TRISUM: Five in One
Catatan seputar konser peluncuran album kedua Trisum, Five in One, Rolling Stone Café Jakarta.
Langit Jakarta Jumat malam (18/2) lalu terbilang cerah, tak ada gugusan awan, apalagi hujan yang menghalangi sinaran bulan purnama. Untunglah, karena cuaca itu sangat mendukung untuk berlangsungnya konser rilis album kedua Trisum bertajuk Five in One di sebuah panggung yang terletak di Rolling Stone Café. Pukul setengah sembilan, 90 menit mundur dari jadwal tertulis, akhirnya panggung mulai bergetar.

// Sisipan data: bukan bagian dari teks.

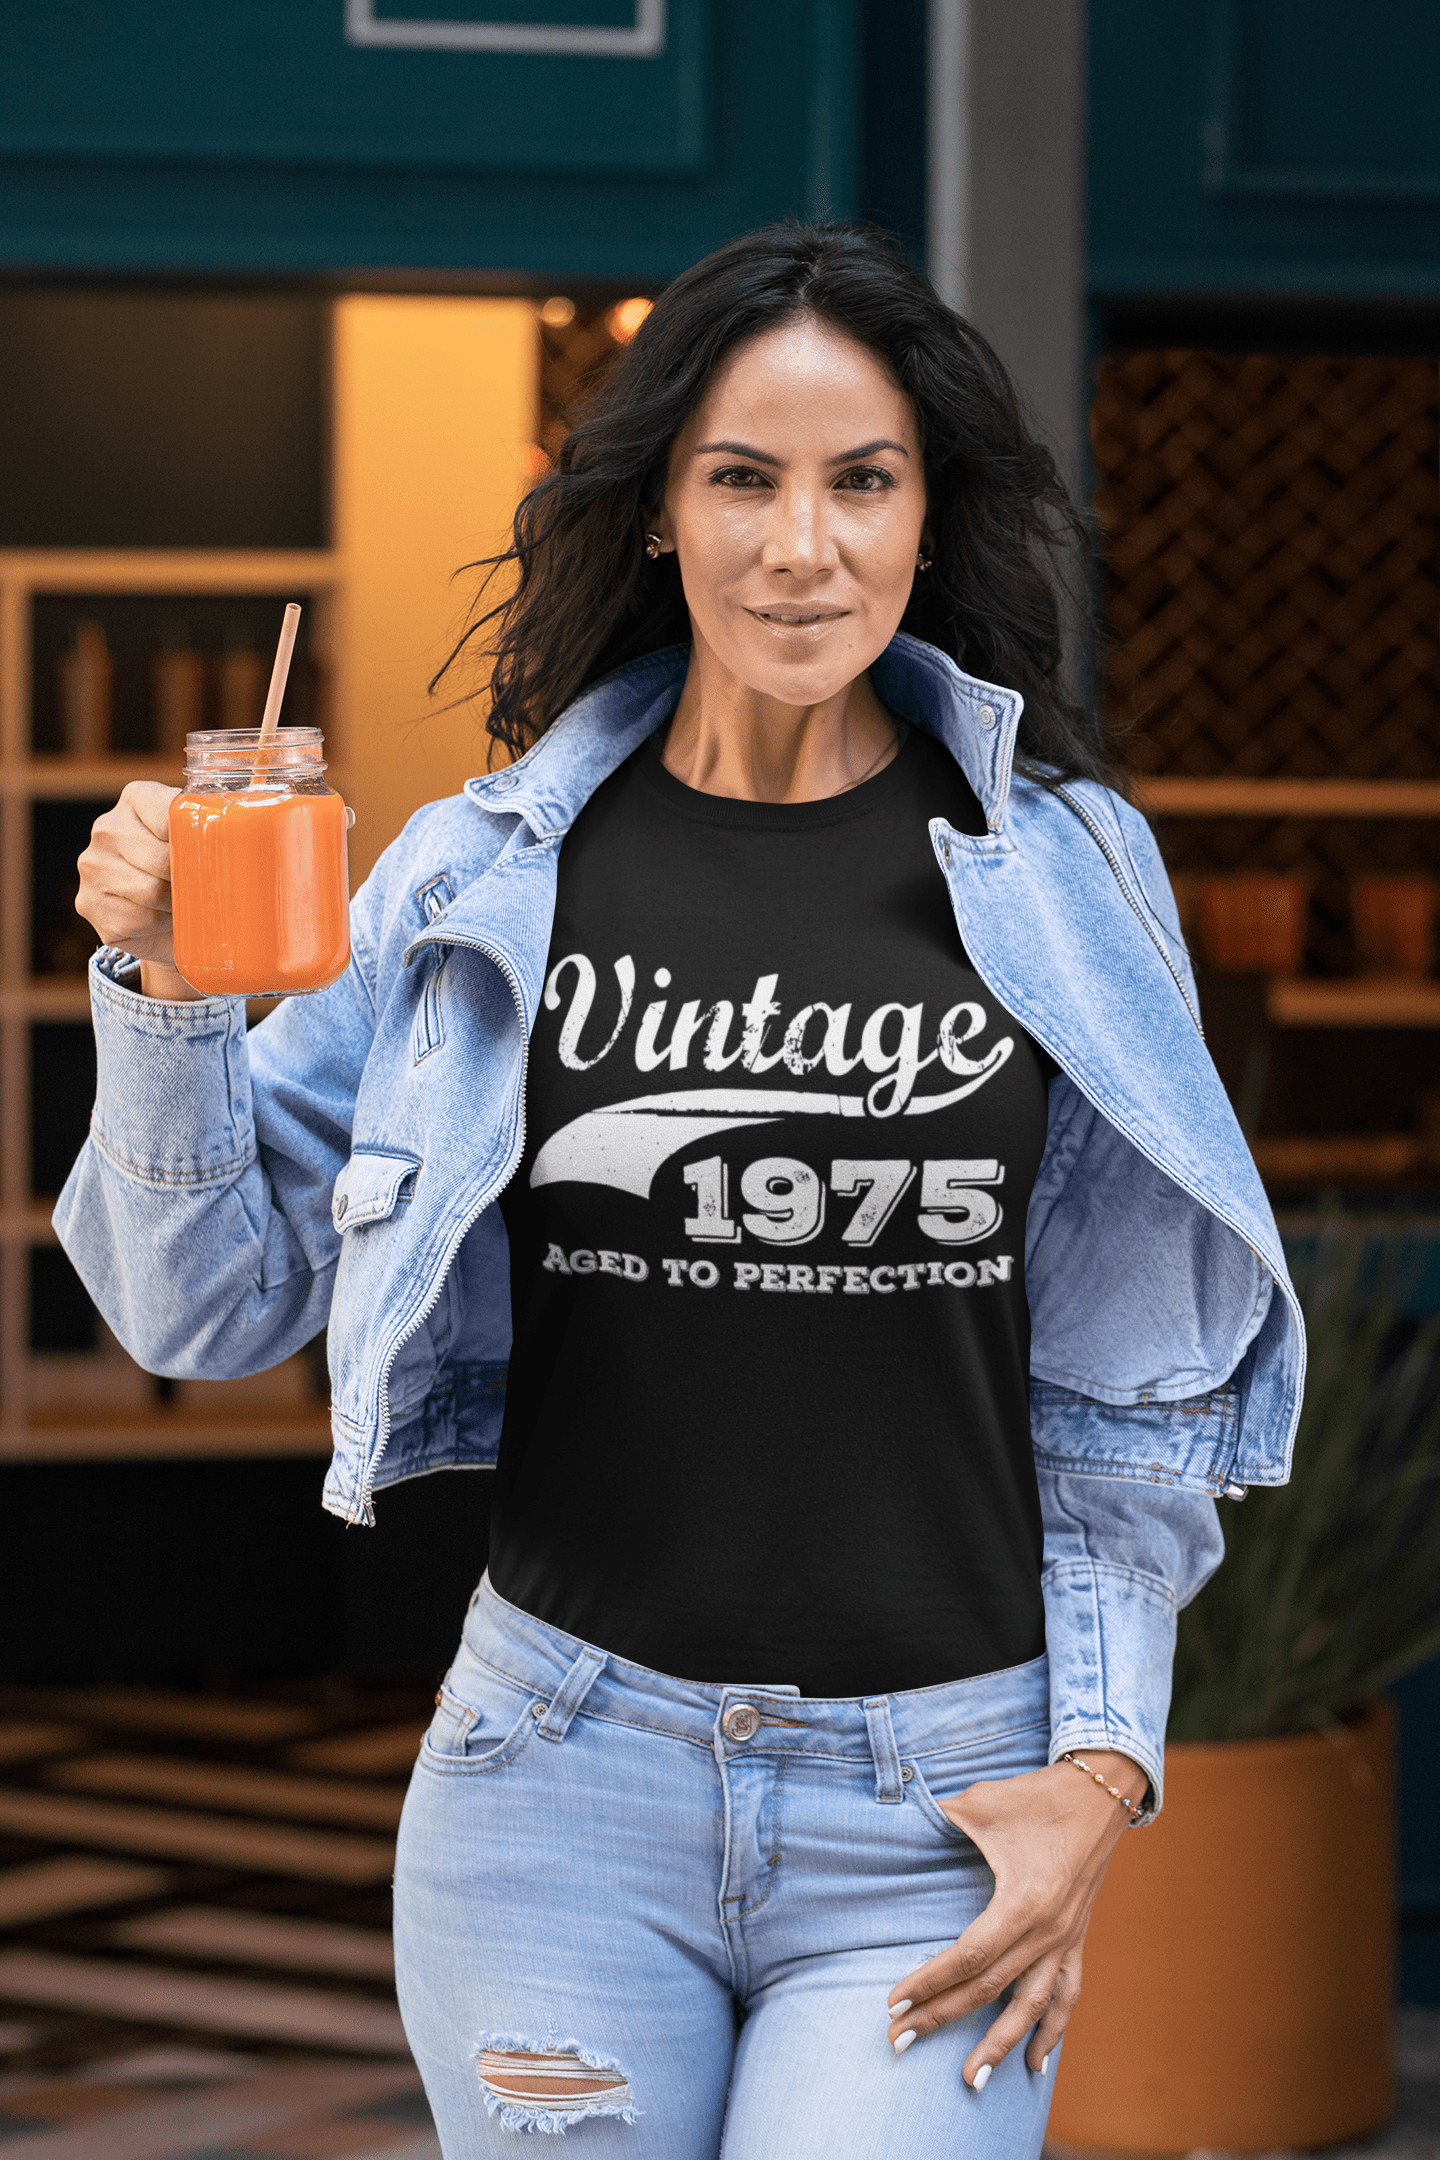 Vintage Aged to Perfection 1975, Black, Women's Short Sleeve Round Neck T-shirt, gift t-shirt 00345

Sebelum memasuki venue, tiap penonton dibekali sebuah CD gres Trisum berjudul Five in One yang berisi sembilan trek hasil garapan Dewa Budjana, Tohpati, Balawan, dan Indro. Kejenuhan audiens yang hampir puncak akhirnya terobati dengan nomor pembuka pertunjukan “Five in One,” memicu adrenalin lewat riff gitar distorsif khas heavy metal, hentakan drum energik, serta dentuman bas yang suportif. Judul album kedua itu sekaligus menegaskan bahwa kini Trisum sejatinya adalah berlima, dengan masuknya Indro sebagai basis dan Yesaya Wilander Soemantri (Echa) selaku penabuh drum serta keduanya menjadi anggota tetap.

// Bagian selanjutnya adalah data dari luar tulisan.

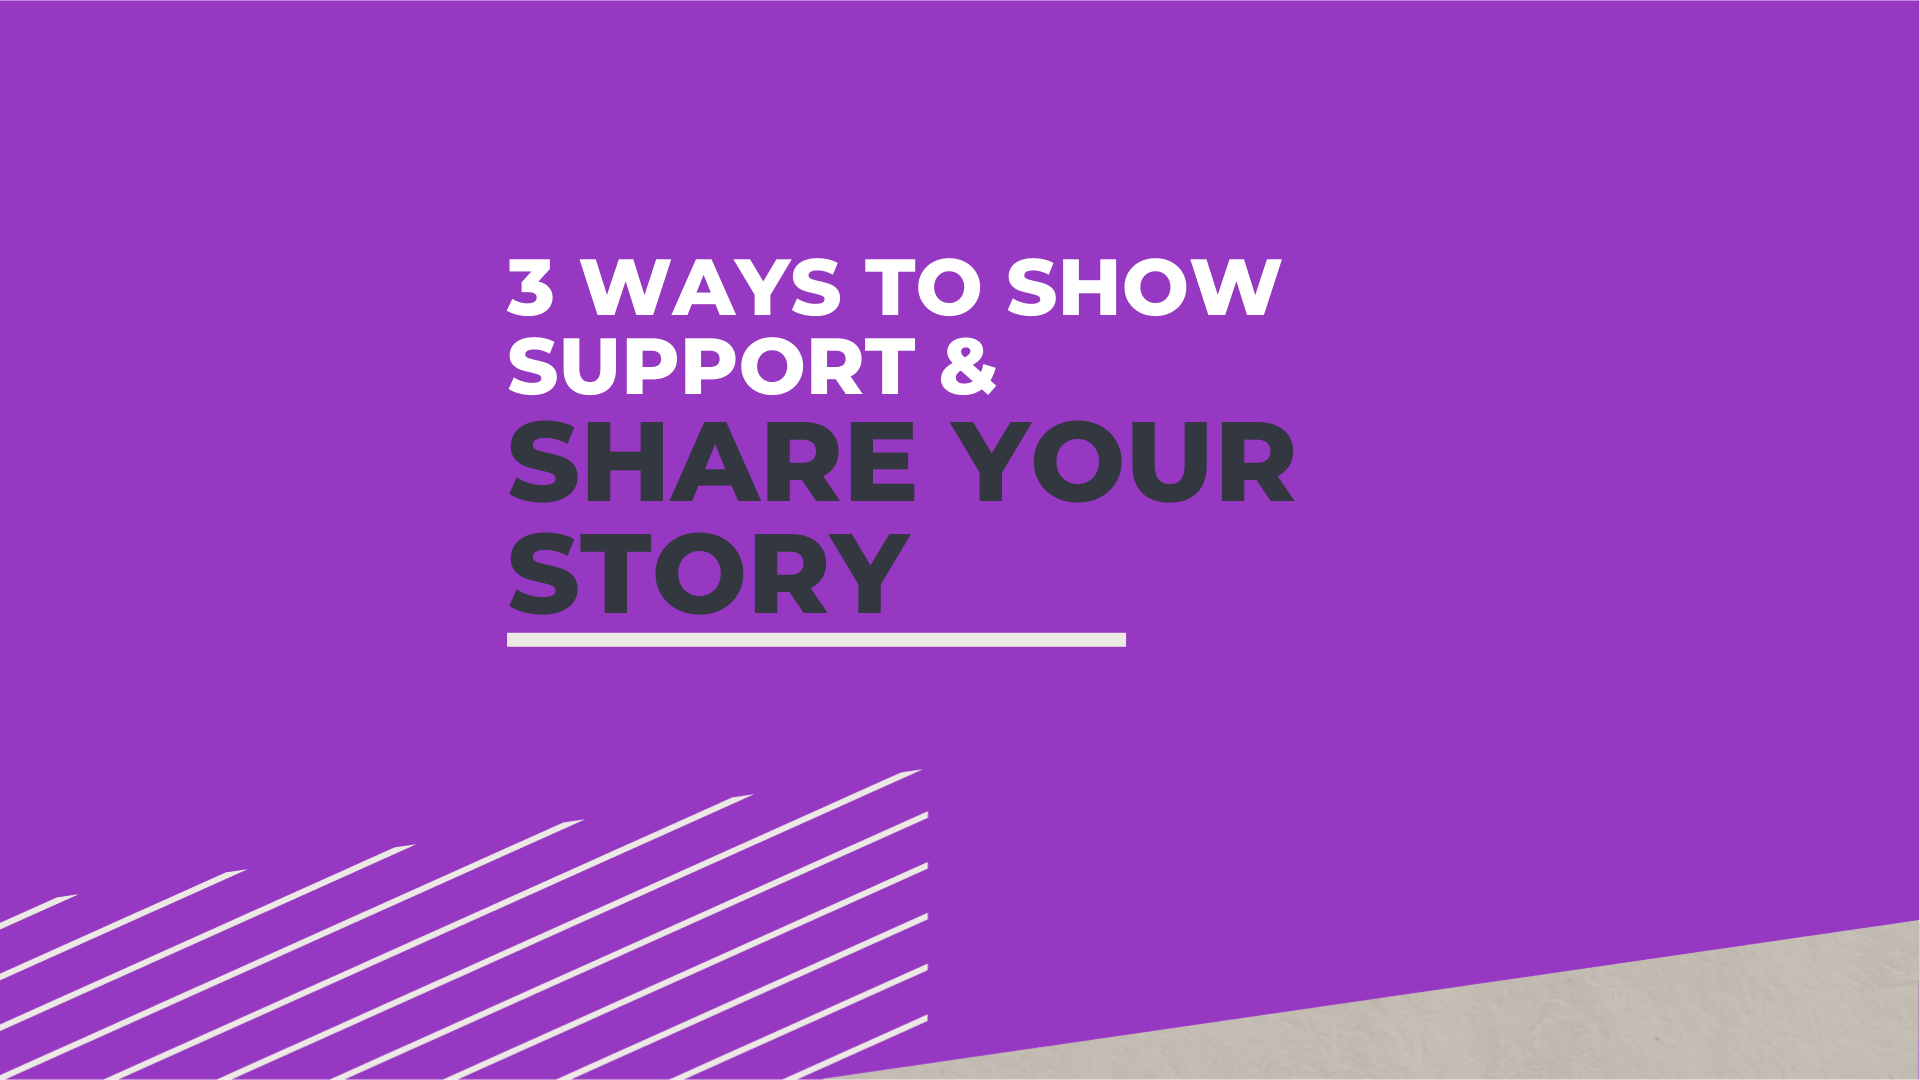 3 ways to share your story

Tak hanya menyuguhkan hingar-bingar dan lengkingan gitar elektrik, ketiga pendekar gitar itu pun duduk manis sembari memainkan gitar akustik. Balawan memecah tawa hadirin waktu ia berkelakar, “saya sebenarnya agak takut kalau disuruh main akustik, mainnya banyak, bayarannya sedikit, dan bikin jari sakit,” dengan logat Bali kental. Apapun alasannya, mereka bertiga tampil atraktif ketika melantunkan komposisi Balawan, “Love to Be Around You” dan “All You Can Eat” yang berpola ritmis interlocking dengan teknik slapping oleh Tohpati dan guitar banjo Budjana. Bahasa musikal berupa trading fours terdapat pada hampir tiap nomor. Kelimanya berakrobat lewat ide-ide spontan responsorial yang seringkali di luar dugaan. Salah satunya tampak dalam “Unyil” yang dirombak bergaya fusion dan rock progresif.

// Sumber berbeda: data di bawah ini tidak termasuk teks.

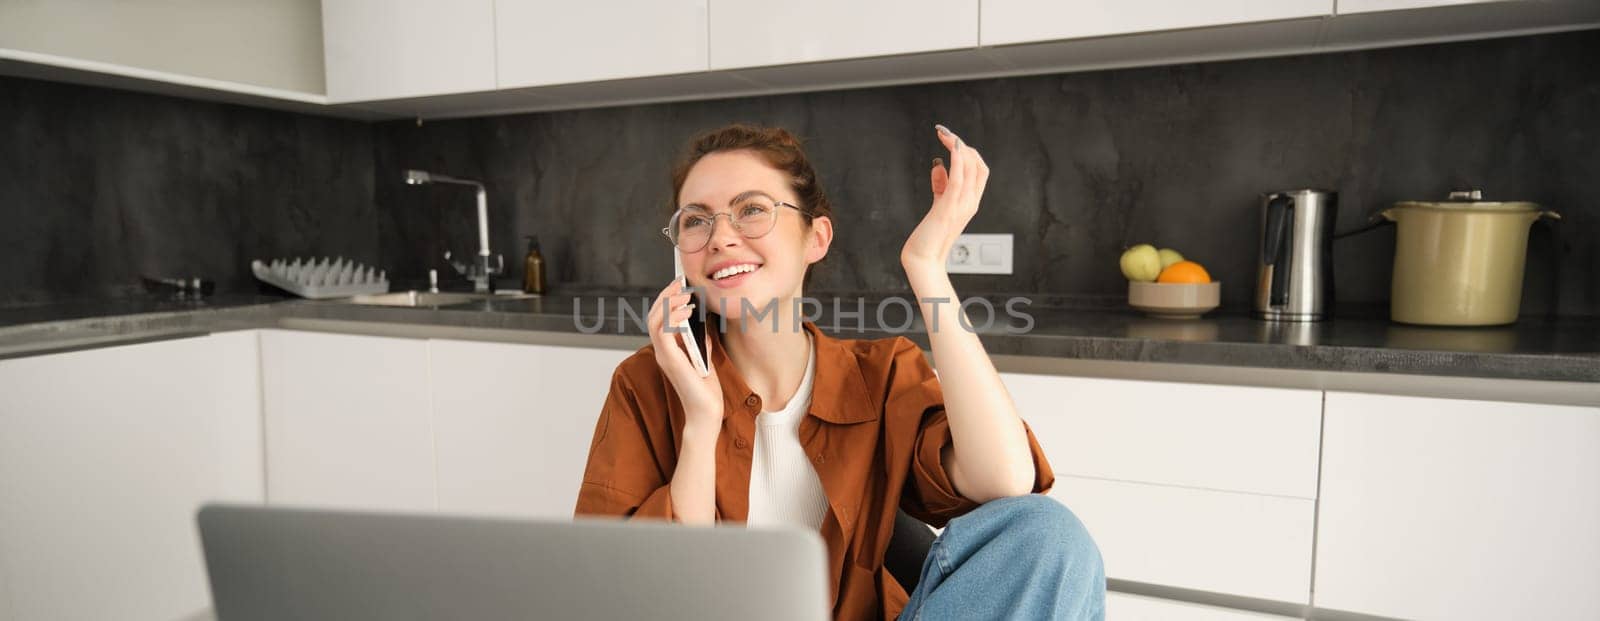 Image of beautiful modern woman working from home, studying in kitchen with laptop, talking on smartphone, calling someone on telephone.

Basis Indro turut beraksi waktu memainkan komposisi gubahannya, “Bread Jam Bread” yang awalnya berupa solo bas dan tak lama berselang drummer Echa menyambangi dengan pukulan dan tendangan merentak. Jadilah sebuah jam session drum dan bas memikat, diamini oleh riuh decak kagum dan tepuk tangan audiens. Sebuah komposisi yang paling terasa nuansa jazz-nya adalah “Bubi’s” oleh Budjana yang berdenyut swing, bentuk rekognisi atas pianis jazz senior Bubi Chen.
Konser hampir usai waktu nomor milik Tohpati, “Rahwana” dimainkan. Komposisi yang meleburkan unsur etnik, fusion, dan rock progresif lewat sinkopasi serta unison njelimet pada tema utama. Dalam bagian ini, Budjana kembali beraksi dengan guitar banjo-nya. Setelah diprovokasi oleh penonton, kelimanya — yang telah turun panggung, akhirnya memberikan encore sebuah trek dari album pertama, aransemen Tohpati atas lagu tradisional “Cublak-Cublak Suweng” yang menyelipkan olahan ritme gamelan Bali. Setelah itu, pertunjukan barulah benar-benar tuntas.